As an aside, I dislike the “carbon budget” language because it implies the existence of an arbitrary hard cap on allowable emissions, which rarely emerges as an optimal solution in models of environmental policy, and never in mainstream analyses of the climate issue except under some extreme assumptions about the nature of damages. But that’s a subject for another occasion.

Were Millar et al. authors right to assert that climate models have overstated recent warming? They are certainly not the first to make this claim. Fyfe et al. (2013) compared Hadley Centre temperature series (HadCRUT4) temperatures to the CMIP5 ensemble and showed that most models had higher trends over the 1998-2012 interval than were observed:

Original caption: a, 1993–2012. b, 1998–2012. Histograms of observed trends (red hatching) are from 100 reconstructions of the HadCRUT4 dataset1. Histograms of model trends (grey bars) are based on 117 simulations of the models, and black curves are smoothed versions of the model trends. The ranges of observed trends reflect observational uncertainty, whereas the ranges of model trends reflect forcing uncertainty, as well as differences in individual model responses to external forcings and uncertainty arising from internal climate variability.

The IPCC’s Fifth Assessment Report also acknowledged model over-estimation of recent warming in their Figure 9.8 and accompanying discussion in Box 9.2. I have updated the IPCC chart as follows. I set the CMIP5 range to gray, and the thin white lines show the (year-by-year) central 66% and 95% of model projections. The chart uses the most recent version of the HadCRUT4 data, which goes to the end of 2016. All data are centered on 1961-1990.

Even with the 2016 EL-Nino event, the HadCRUT4 series does not reach the mean of the CMIP5 ensemble. Prior to 2000 the longest interval without a crossing between the red and black lines was 12 years, but the current one now runs to 18 years.

This would appear to confirm the claim in Millar et al. that climate models display an exaggerated recent warming rate not observed in the data.

Not So Fast

Zeke Hausfather has disputed this in a posting for Carbon Brief. He presents a different-looking graph that seems to show HadCRUT4 and the other major data series lining up reasonably well with the CMIP5 (RCP4.5) runs.

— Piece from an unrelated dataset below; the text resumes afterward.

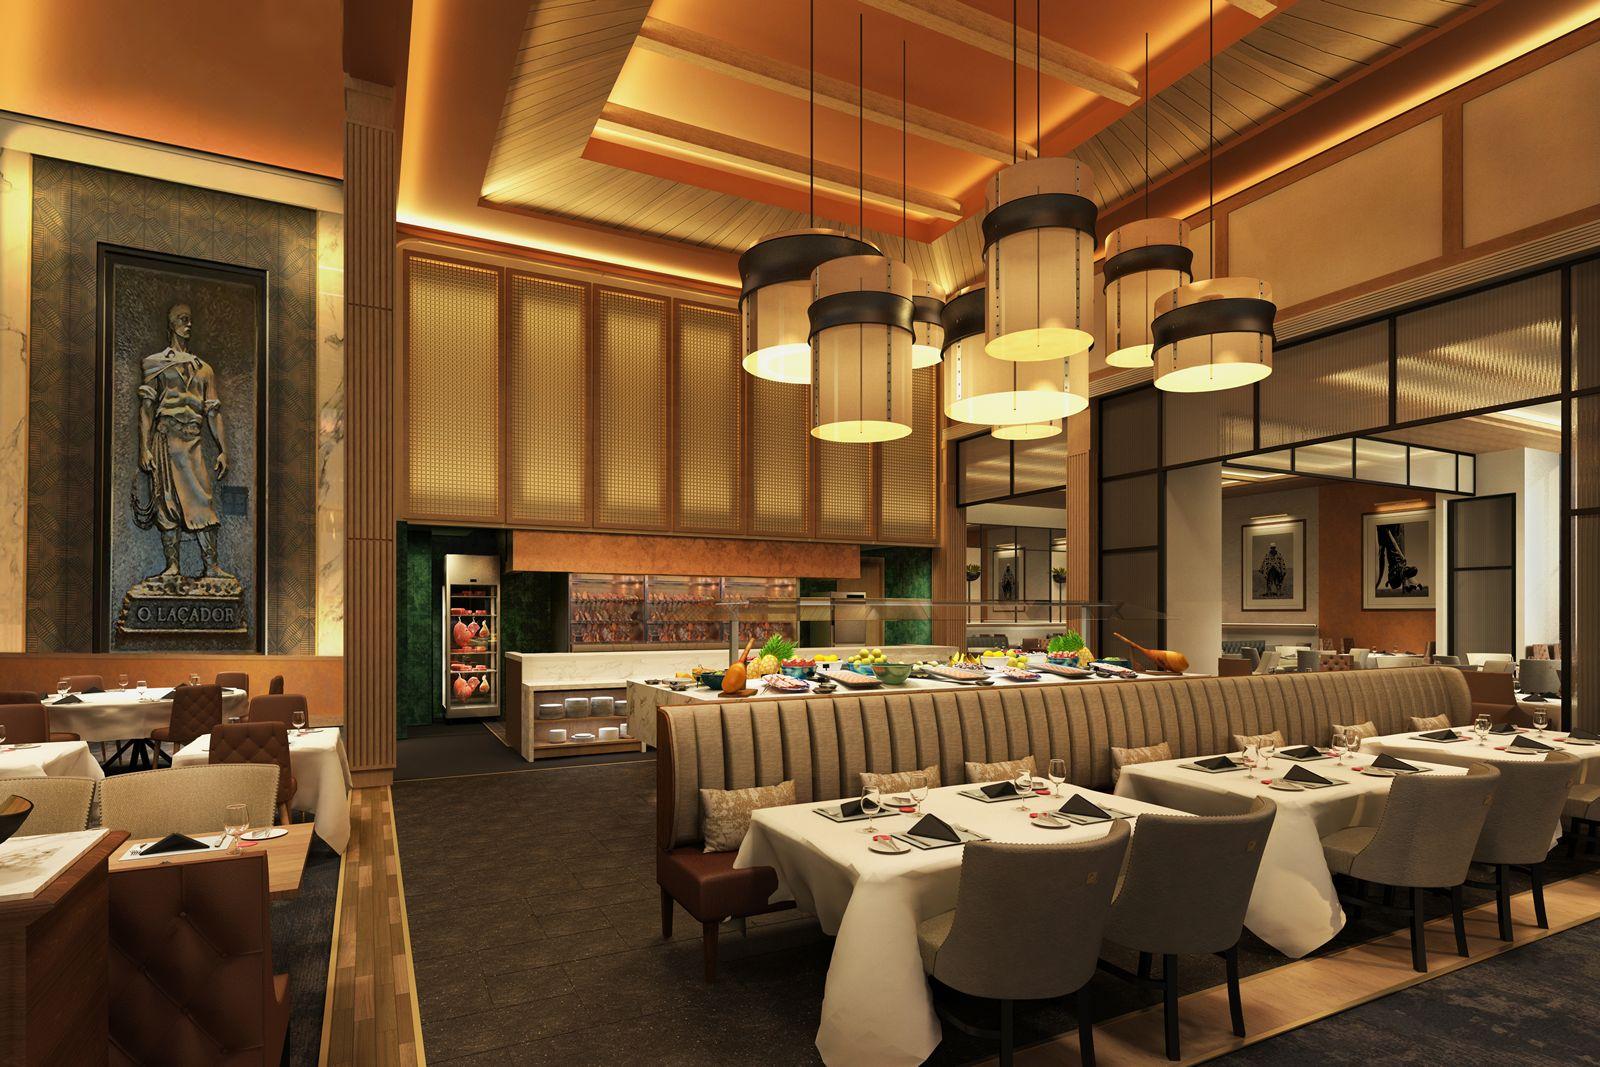 Fogo de Chão Utilizes Harrison's Expertise to Showcase Enhanced Design in Oak Brook Restaurant

How does he get this result?

Hausfather isn’t using the CMIP5 runs as shown by the IPCC; instead he is using data from a different archive that modifies the outputs in a way that tilts the post-2000 model trends down. Cowtan et al. (2015) argued that, for comparisons such as this, climate model outputs should be sampled in the same way that the HadCRUT4 (and other) surface data are sampled, namely using Surface Air Temperatures (SAT) over land, Sea Surface Temperatures (SST) over water, and with maskings that simulate the treatment of areas with missing data and with ice cover rather than open ocean. Global temperature products like HadCRUT use SST data as a proxy for Marine Air Temperature (MAT) over the oceans since MAT data are much less common than SST. Cowtan et al. note that in the models, SST warms more slowly than MAT but the CMIP5 output files used by the IPCC and others present averages constructed by blending MAT and SAT, rather than SST and SAT. Using the latter blend, and taking into account the fact that when Arctic ice coverage declines, some areas that had been sampled with SAT are replaced with SST, Cowtan et al. found that the discrepancy between models and observations declines somewhat.

Figure 4 in Cowtan et al. shows that the use of SAT/SST (“blended”) model output data doesn’t actually close the gap by much: the majority of the reconciliation happens by using “updated forcings”, i.e. peeking at the answer post-2000

.Top: effect of applying Cowtan et al. blending method (change from red to green line)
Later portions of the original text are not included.